In the corners of the studio, hanging from the wall, we find salvage. Gleaned from street corners and recycling bins, bits of wood and metal. It takes a magpie's eye to see why Tim Garwood has selected them. A vibrant blue enamel paint, the kind you'd use for a baby boy, covers a length of timber. 'Isn't that fantastic' he says, each piece of crooked metal or splintered wood caught in his enthusiasm.
Tim Garwood is a painter of sudden changes. Looking around the studio, the most ordinary materials are colliding with one another in spectacular ways. A piece of cloth appreciated for its delicate pattern is smothered in household emulsion in the next moment. A perfectly pleasing expanse of yellow acrylic is suddenly destabilised with a gloss black smear. In this high wire act, he's searching for a kind of dynamic between stability and instability. An incongruous mixing of conventional and unconventional art materials yield unpredictable results, from floor stain to artist's oil to brass rivets.
I've been watching the paintings go through many stages, a series of moves and countermoves. When I think I see stability, I quickly learn that for Garwood these early, easier harmonies are to be disregarded. All the elements must exert pressure but also yield when necessary.

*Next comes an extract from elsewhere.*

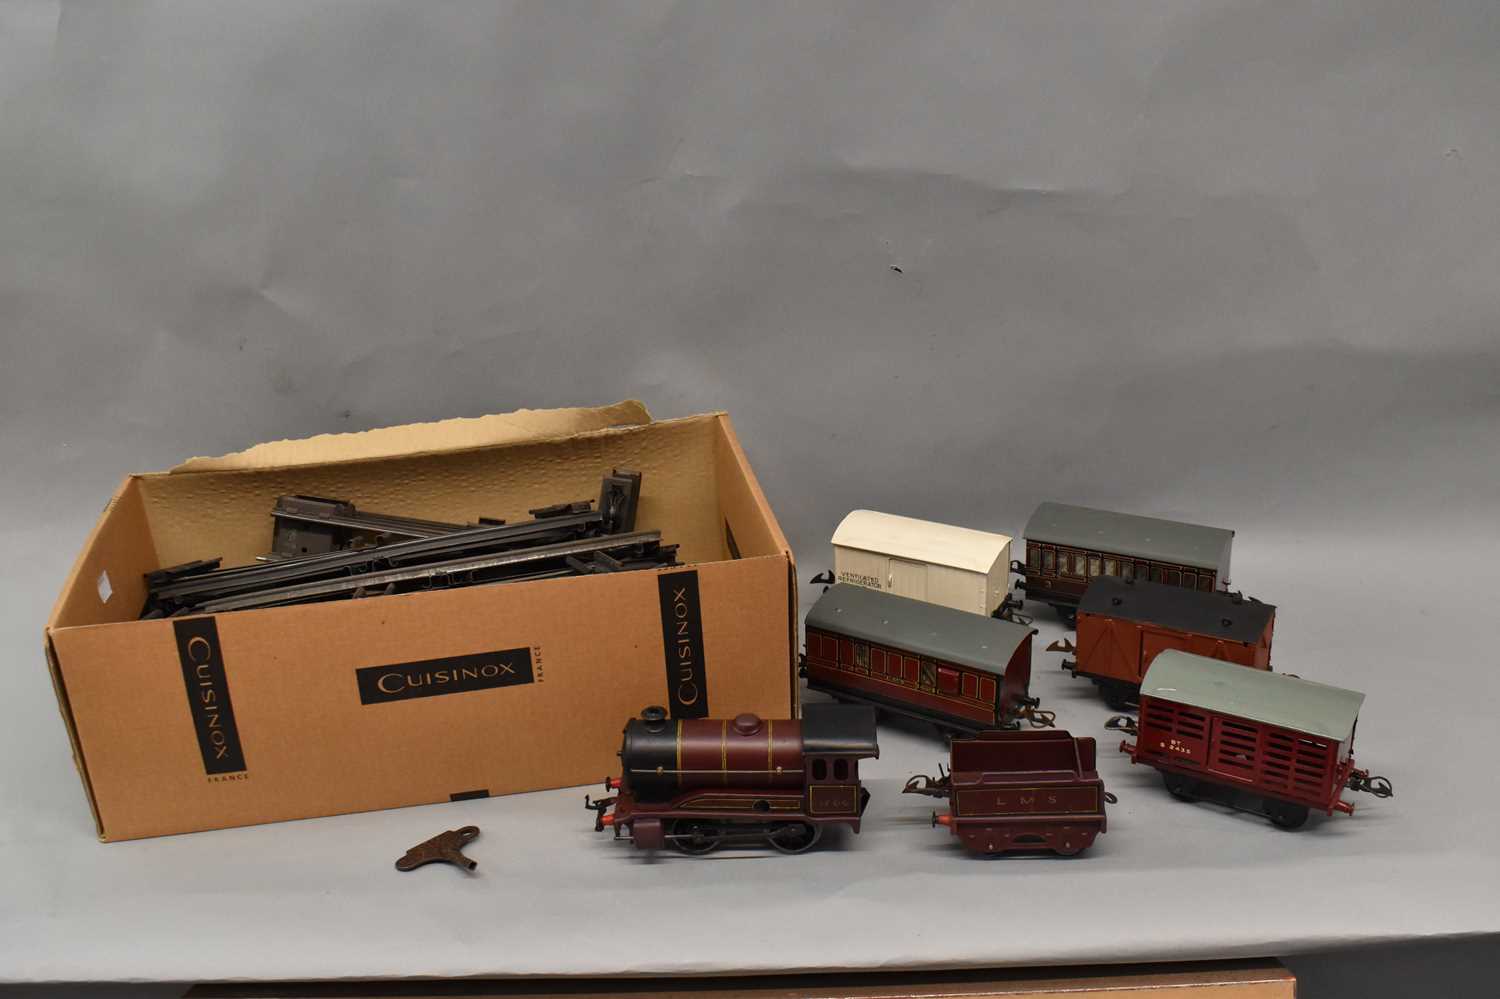 A Hornby OO gauge clockwork locomotive 5600, six assorted carriages/wagons, and a quantity of - Image 2 of 3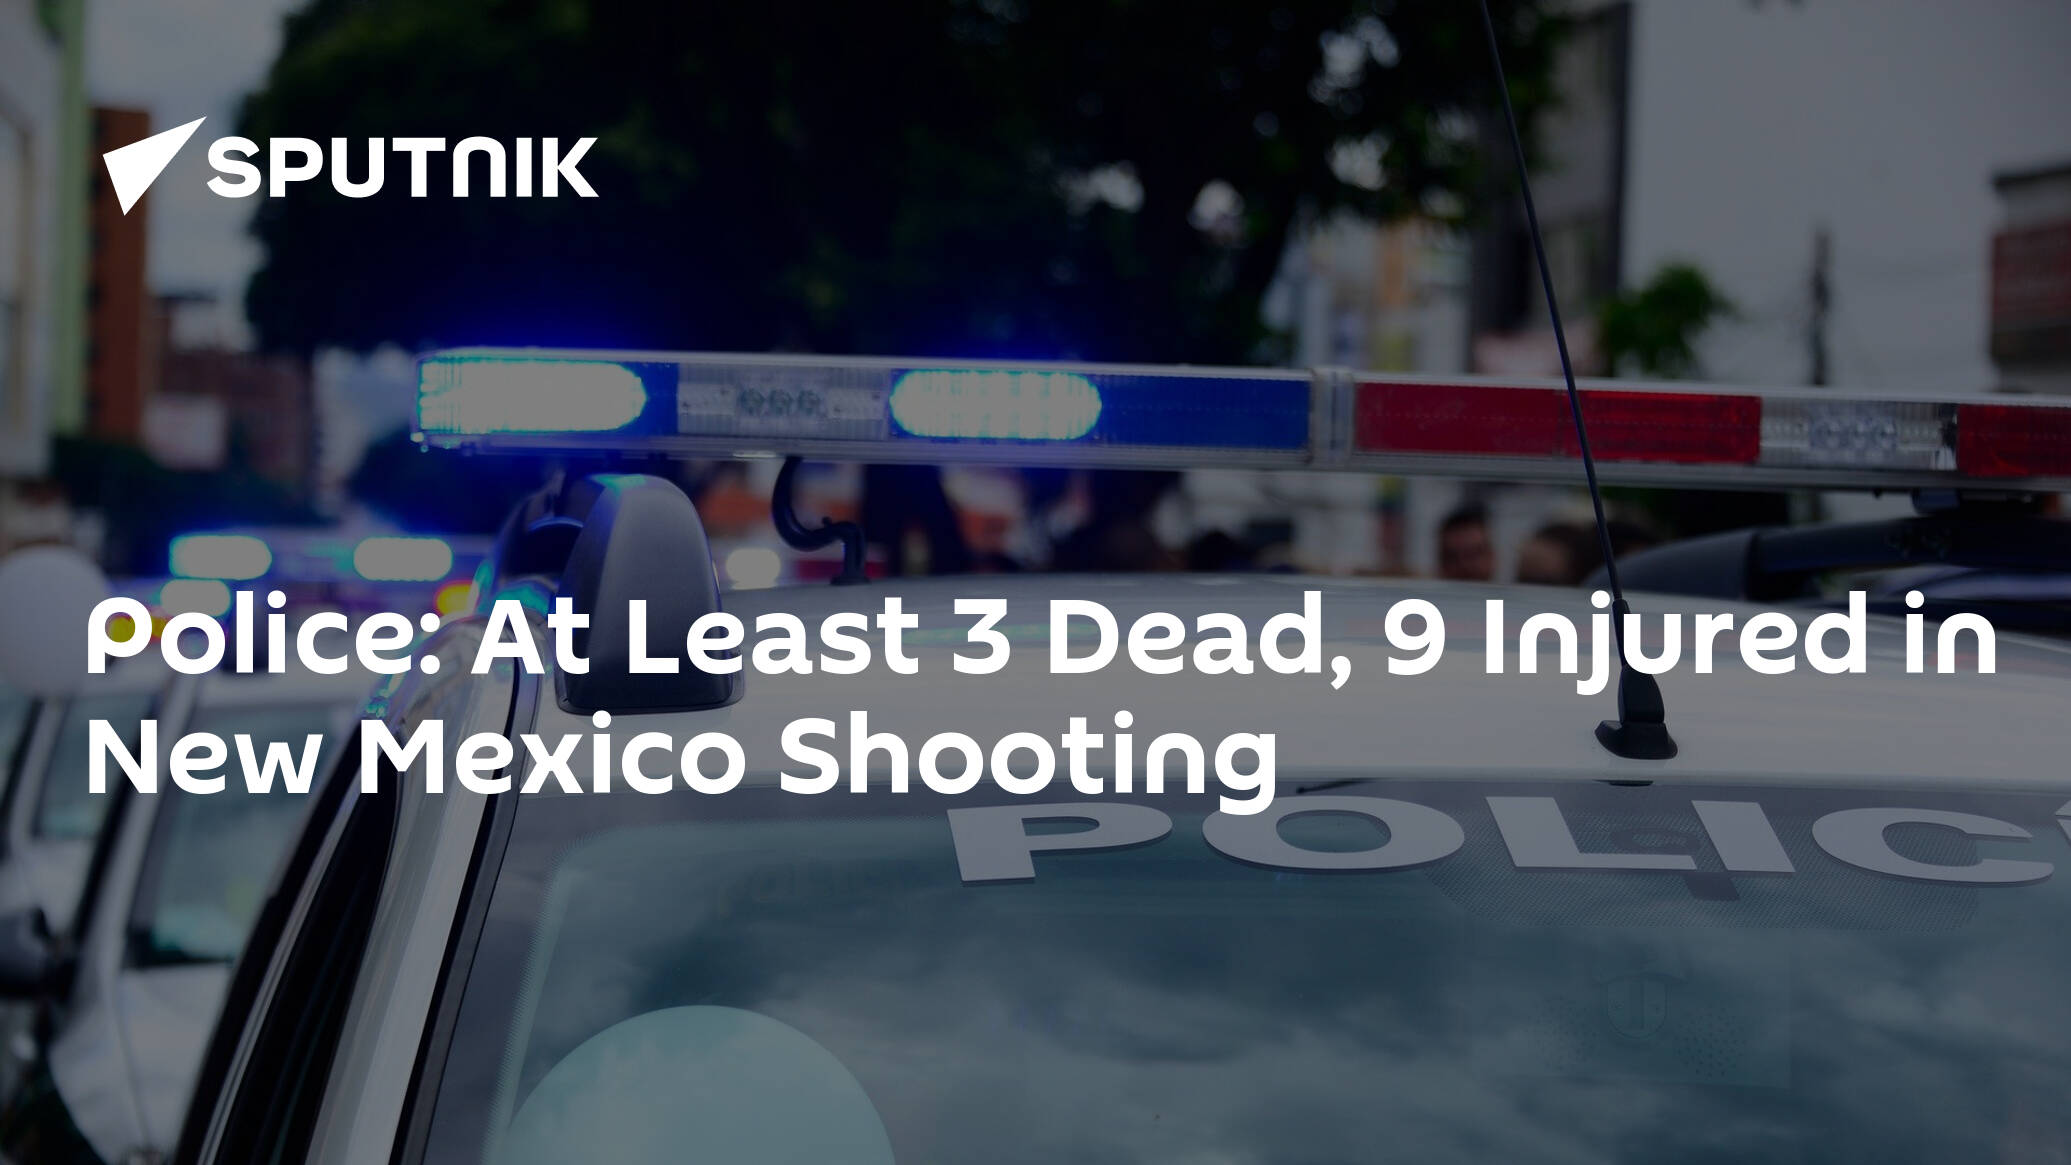 Police: At Least 3 Dead, 9 Injured in New Mexico Shooting

He's a performer of sorts, a ring master who makes his materials perform impossible tricks. A decisive gesture in thick paint is made to counterbalance skittering notes in stencilled spray paint. Across a sequence of several paintings a favourite household emulsion is thoroughly tested, a kind of shrimp pink called "Mermaid Cheeks". Pooling, smearing, blotting, dripping - Garwood works continuously across a series of paintings, exploring all the necessary possibilities of the colour. What he's looking for is intensity, the point at which the mundane household paint activates in relation to the rest of the painting. Sometimes this is a sensation of colour, elsewhere it is a textural contrast. Who knew that wood stain streaked so severely when poured over matte acrylic? The ambition is to turn lead into gold, to transform the least precious of materials into a unity of colour and form, to capture the activity of painting in the structure of an "activated" object.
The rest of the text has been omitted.